Visualization of Free Radicals by MRI Spin-Trapping Method

通过 MRI 自旋捕获方法可视化自由基

• 批准号: 11670923
• 负责人: FUJII Hirotada
• 金额: $ 2.37万
• 依托单位: Sapporo Medical University
• 依托单位国家: 日本
• 项目类别: Grant-in-Aid for Scientific Research (C)
• 财政年份: 1999
• 资助国家: 日本
• 起止时间: 1999 至 2000
• 项目状态: 已结题
• 来源: https://kaken.nii.ac.jp/grant/KAKENHI-PROJECT-11670923/
• 关键词: free radicals; non-invasive visualization; ESR; MRI; spin trapping; NO; T1

The ultimate goal of in vivo electron spin resonance (ESR) spin trapping is to provide a window to the characterization and quantification of free radicals with time within living organisms. However, the practical application of in vivo ESR to systems involving reactive oxygen free radicals has proven challenging. Some of these limitations relate to instrument sensitivity and particularly to the relative stability of these radicals, as well as toxicity limitations with dosing. We have demonstrated a new and first approach, so called MRI spin trapping method, to visualize the distribution of nitric oxide (NO) free radicals. NO was complexed with Fe (II)-chelate spin trap, N-methyl-D-glucamine dithiocarbamate (MGD), verified as (MGD)_2-Fe(II)-NO by ESR, and the distribution of NO was visualized by MRI.In rats, (MGD)_2-Fe(II)-NO complex was concentrated in the liver displaying significantly enhanced contrast in the vascular structure such as hepatic vein and inferior vena cava. Nitric oxide synthase was verified as the source of NO in rats with septic shock by pre-administration of the competitive inhibitor, resulting in reduced enhancement of the MR images. The NO complex was more stable in vivo and a more effective MRI contrast agent than other stable nitrogen containing radicals, such as nitroxides. MRI spin trapping method should be a powerful tool for visualizing spatial distribution of free radicals in tissues when combined with the appropriate spin-trapping agents.

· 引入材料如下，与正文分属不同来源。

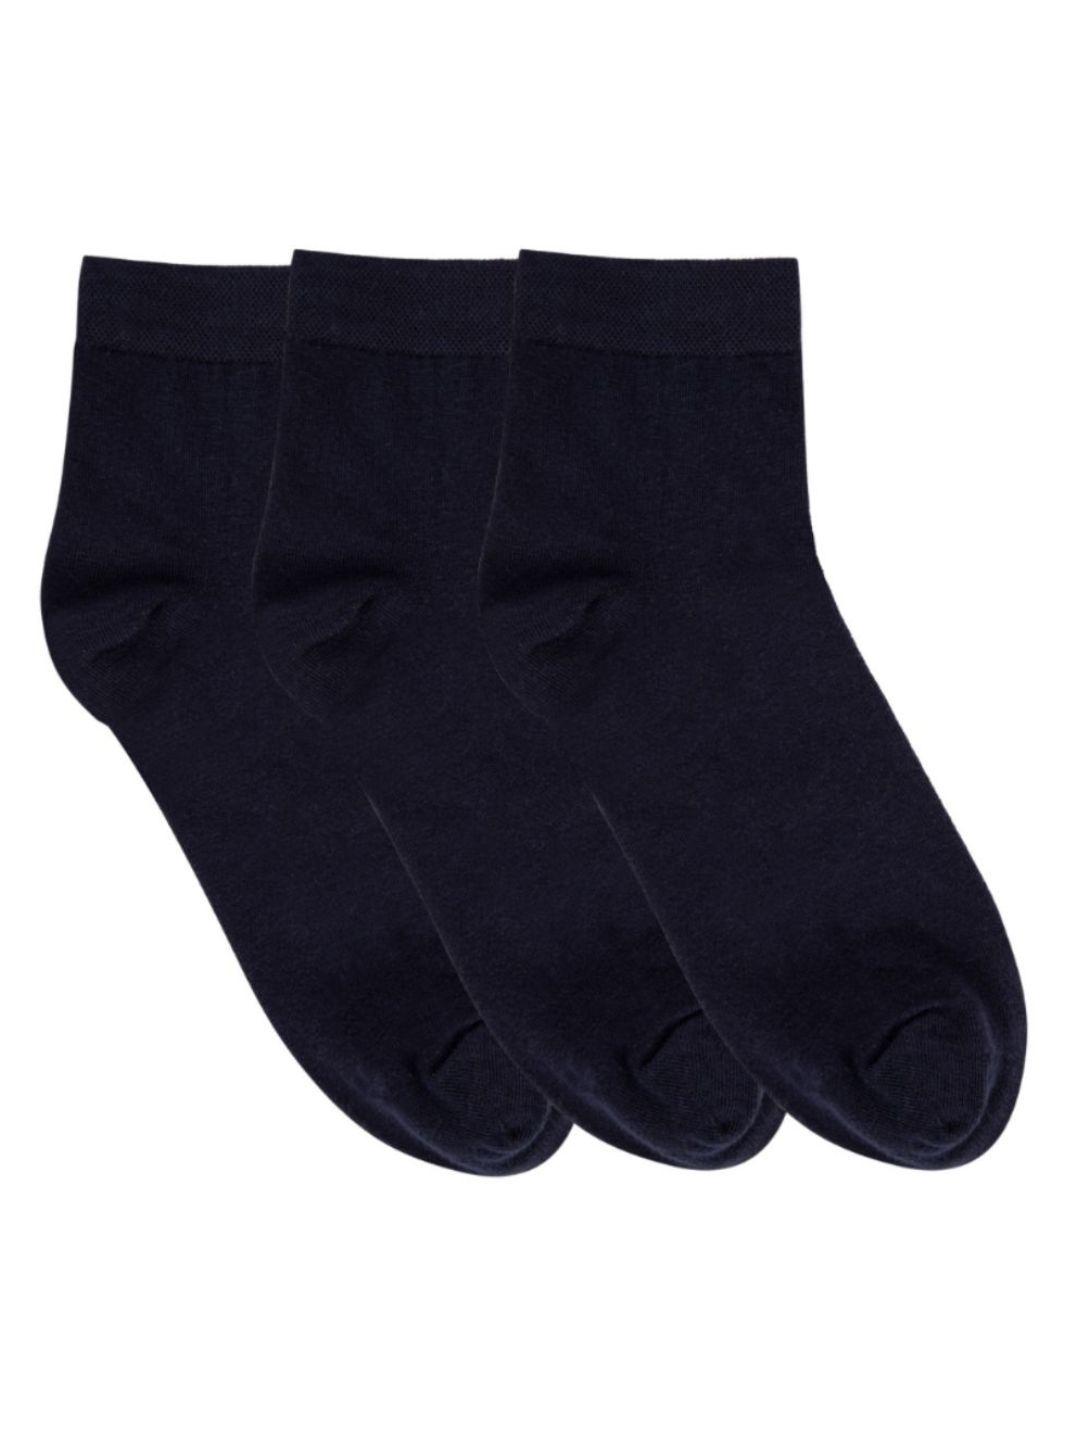 n2s next2skin men pack of 3 navy blue solid ankle-length cotton socks

体内电子自旋共振 (ESR) 自旋捕获的最终目标是为活体生物体内随时间变化的自由基的表征和定量提供一个窗口。然而，体内 ESR 在涉及活性氧自由基的系统中的实际应用已被证明具有挑战性。其中一些限制与仪器灵敏度有关，特别是与这些自由基的相对稳定性以及剂量毒性限制有关。我们展示了一种新的第一种方法，即所谓的 MRI 自旋捕获方法，可以可视化一氧化氮 (NO) 自由基的分布。 NO与Fe(II)-螯合物自旋陷阱、N-甲基-D-葡萄糖胺二硫代氨基甲酸酯(MGD)络合，通过ESR验证为(MGD)_2-Fe(II)-NO，并通过MRI可视化NO的分布在大鼠中，(MGD)_2-Fe(II)-NO 复合物集中在肝脏中，显示肝静脉和下腔静脉等血管结构的对比度显着增强。通过预先给予竞争性抑制剂，导致 MR 图像的增强减弱，证实一氧化氮合酶是感染性休克大鼠中 NO 的来源。与其他稳定的含氮自由基（例如硝基氧）相比，NO复合物在体内更稳定，并且是更有效的MRI造影剂。当与适当的自旋捕获剂结合使用时，MRI 自旋捕获方法应该是可视化组织中自由基空间分布的有力工具。

项目成果

Fujii,H.et al.: "In Vivo Imaging of Spin-Trapped Nitric Oxide in Rats With Septic Shock:MRI Spin Trapping"Magnetic Resonance in Medicine. 42. 235-239 (1999)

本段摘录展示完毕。